◆ **ASSIGNMENT**:
Once the images are removed, set down everything else in the listing below exactly.

◆ **AVAILABLE DATA**:
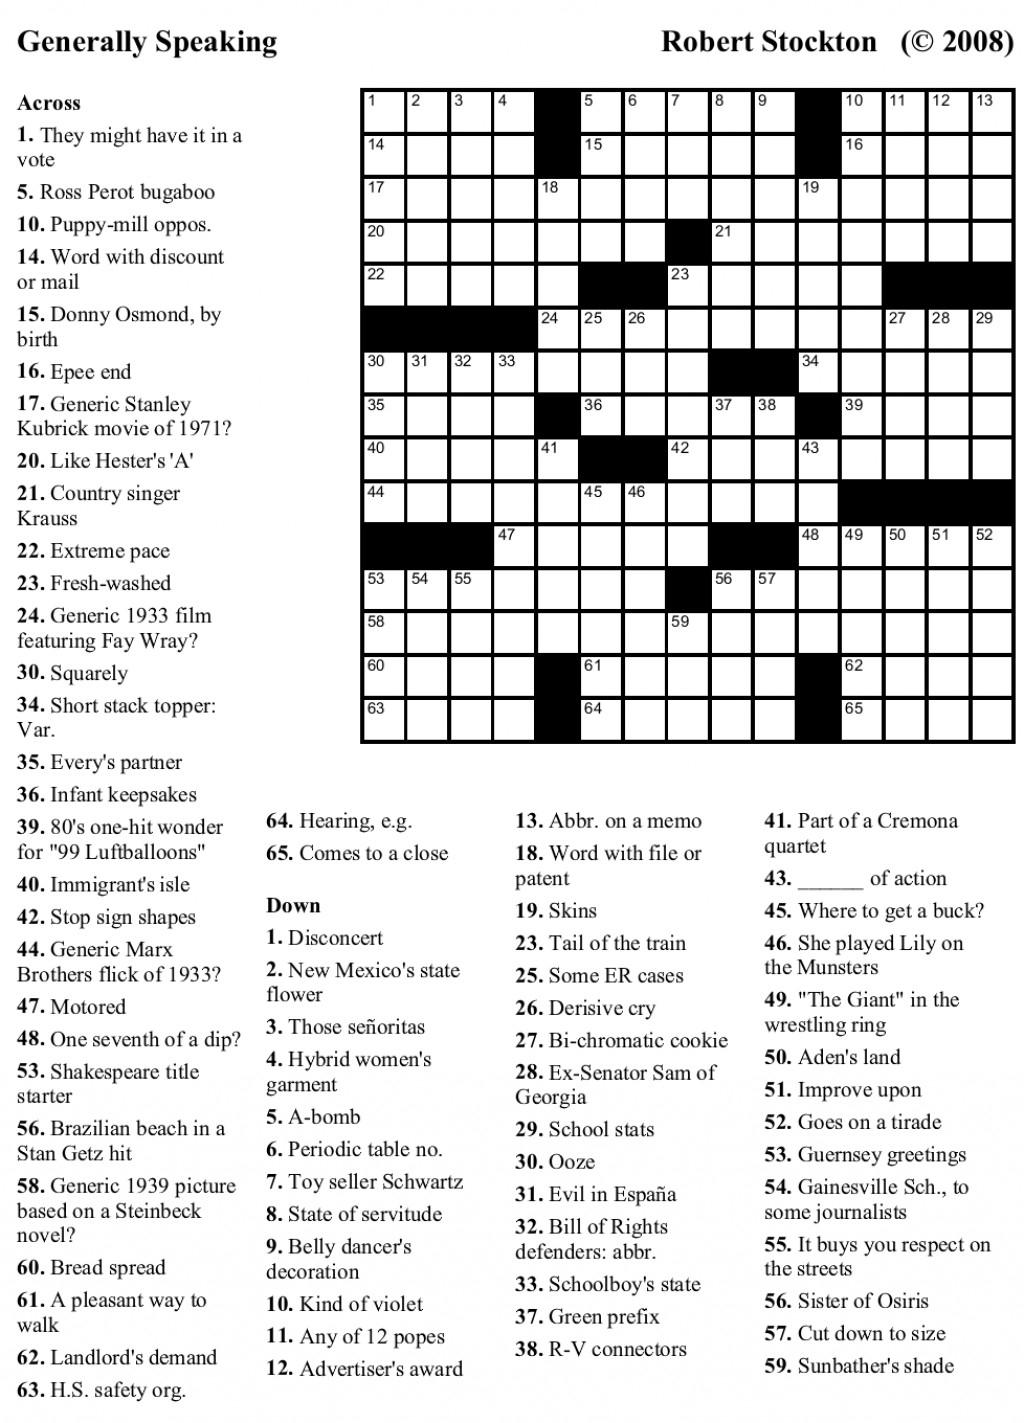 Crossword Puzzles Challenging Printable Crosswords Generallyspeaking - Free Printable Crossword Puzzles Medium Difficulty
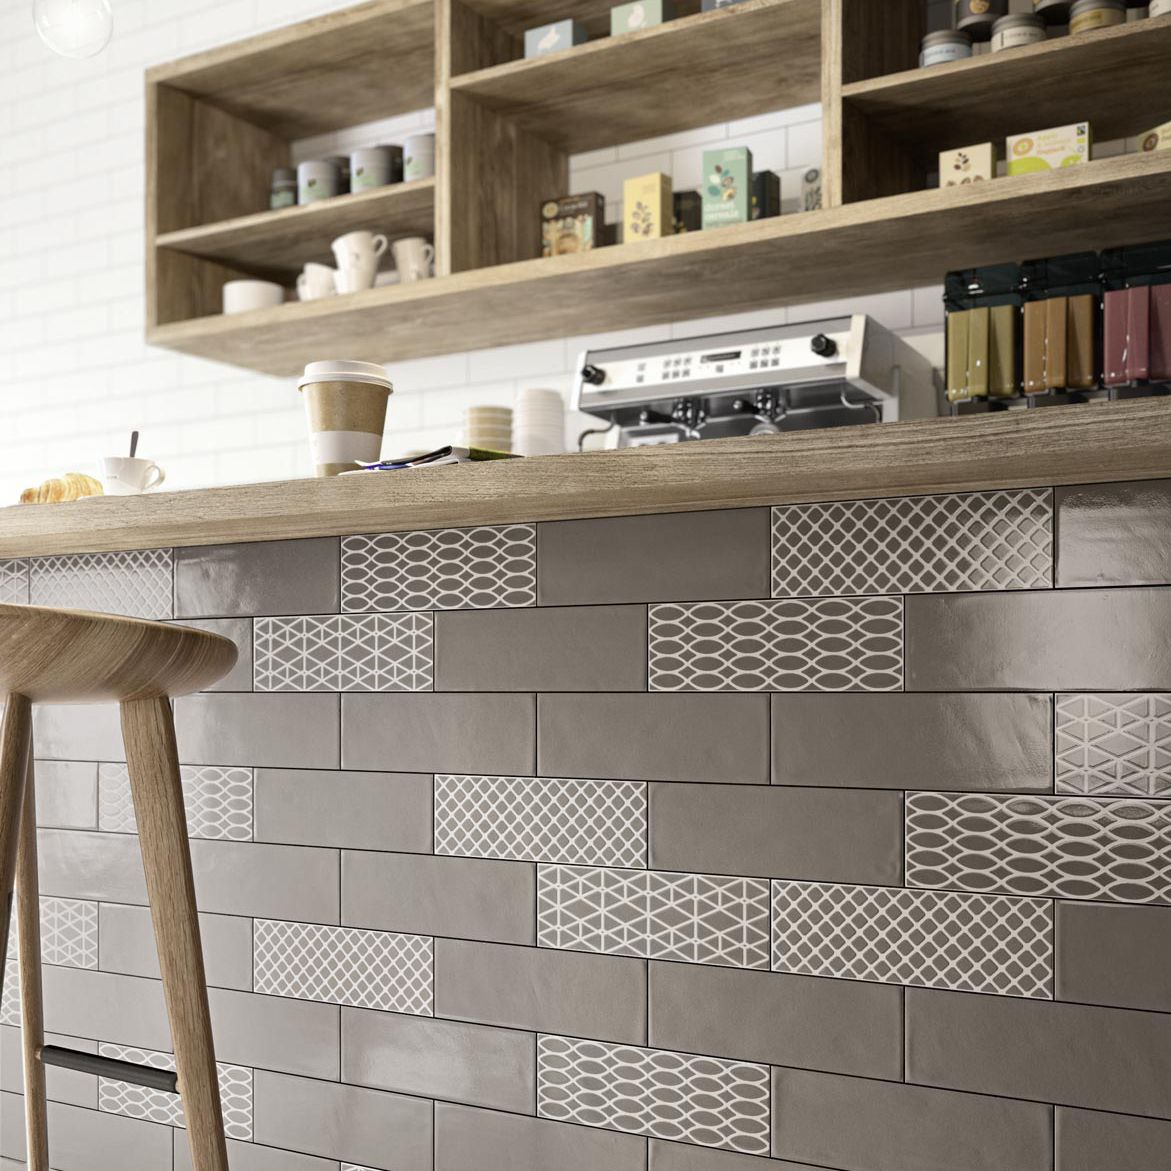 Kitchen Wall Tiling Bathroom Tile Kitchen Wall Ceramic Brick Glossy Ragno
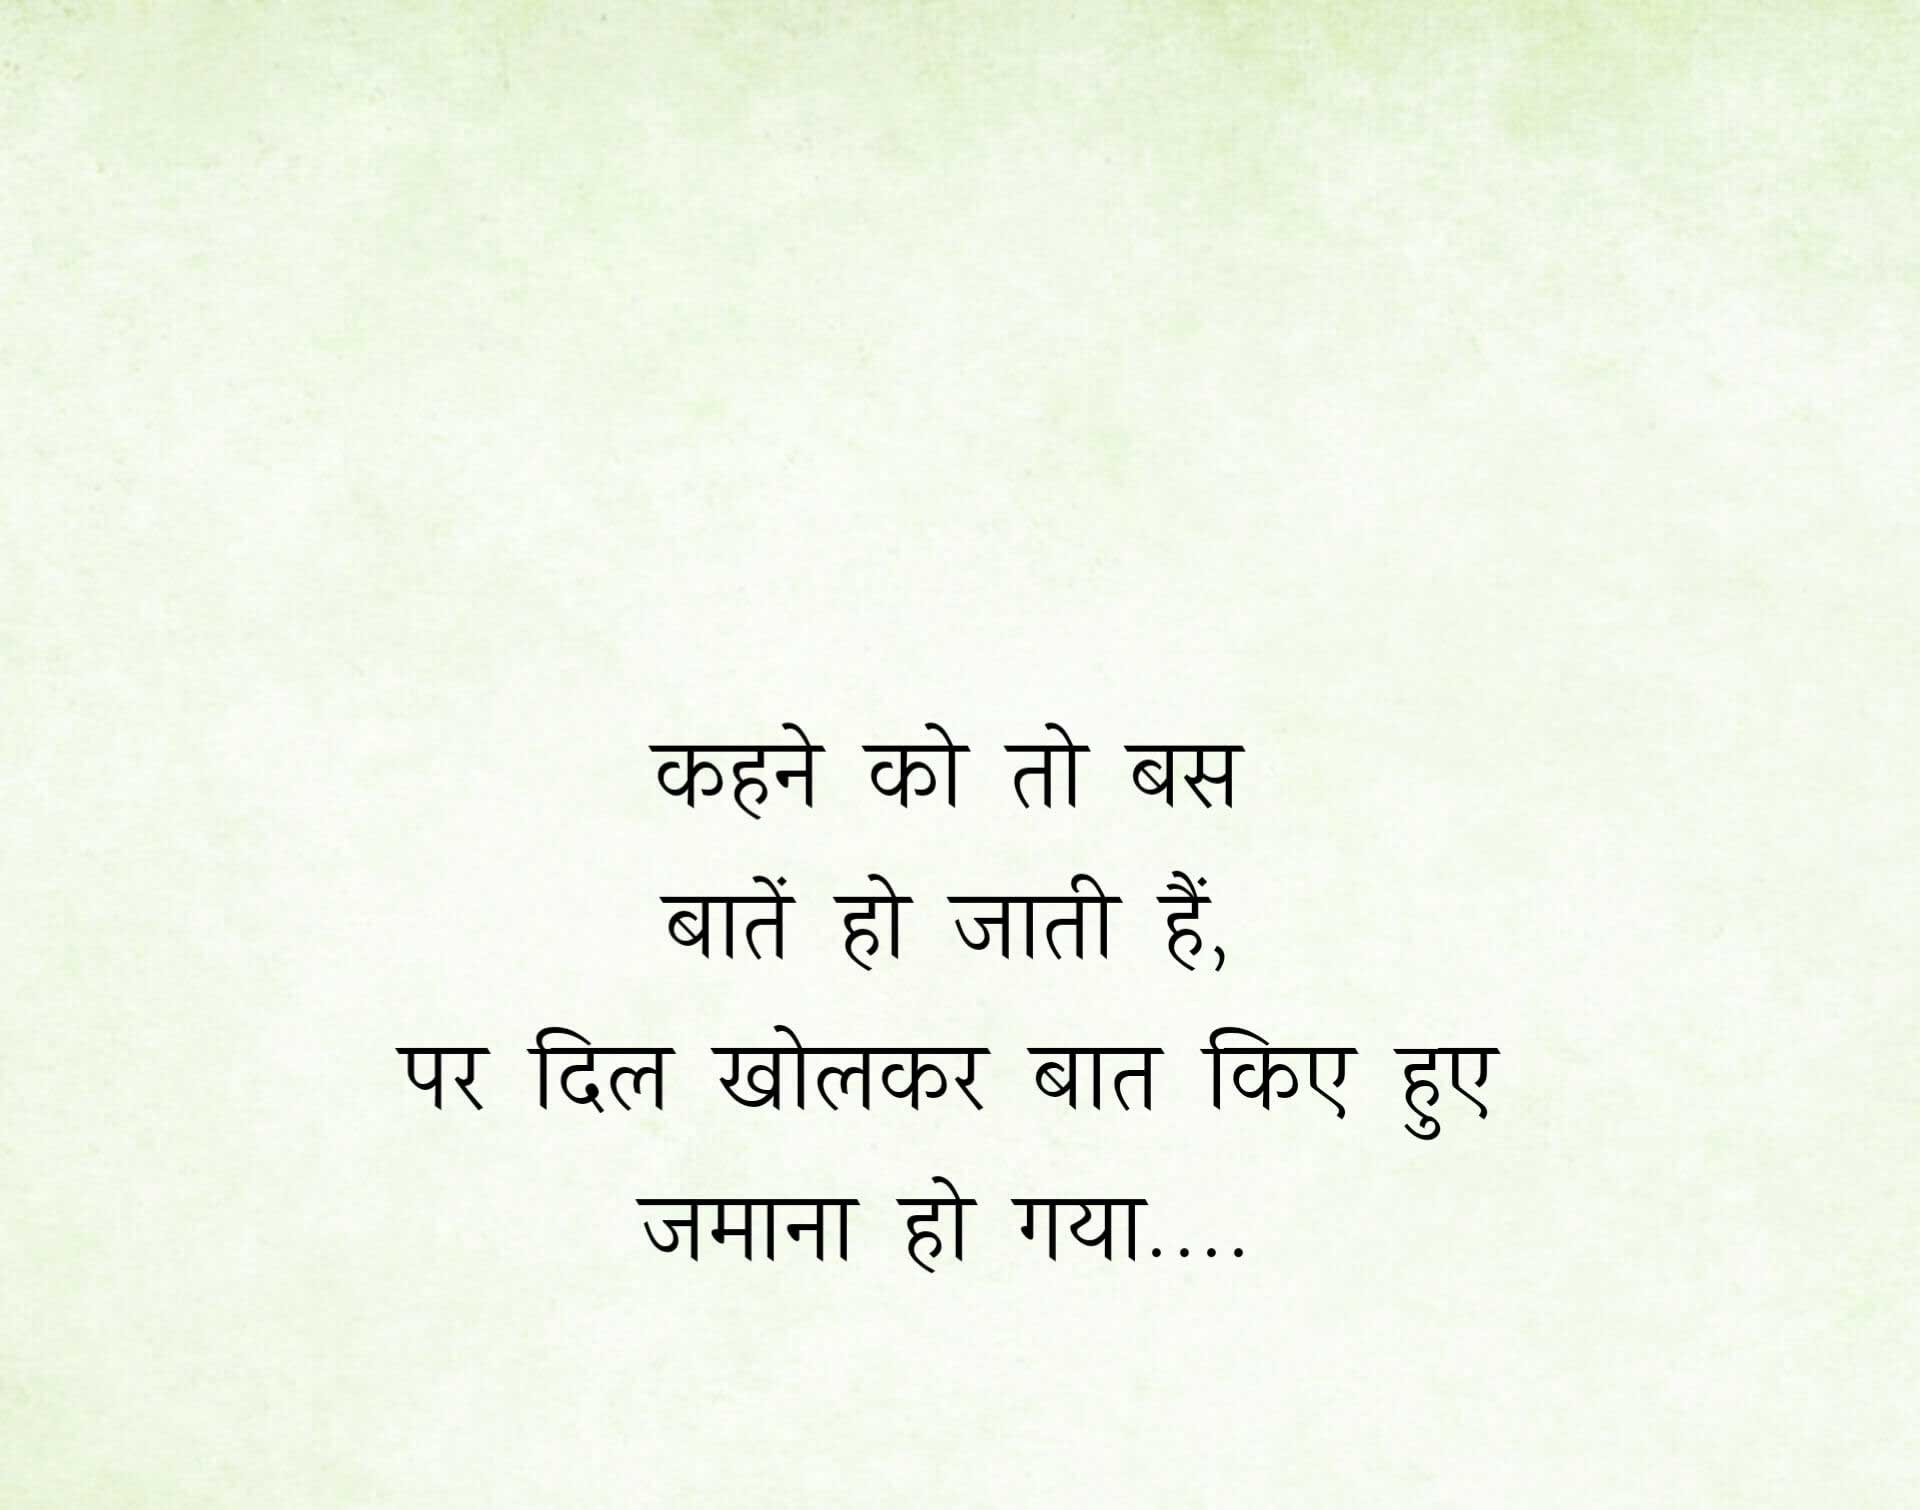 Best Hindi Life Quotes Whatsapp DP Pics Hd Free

◆ **ANSWER TO THE PROBLEM**:
 Crossword Puzzles Challenging Printable Crosswords Generallyspeaking - Free Printable Crossword Puzzles Medium Difficulty
 Kitchen Wall Tiling Bathroom Tile Kitchen Wall Ceramic Brick Glossy Ragno
 Best Hindi Life Quotes Whatsapp DP Pics Hd Free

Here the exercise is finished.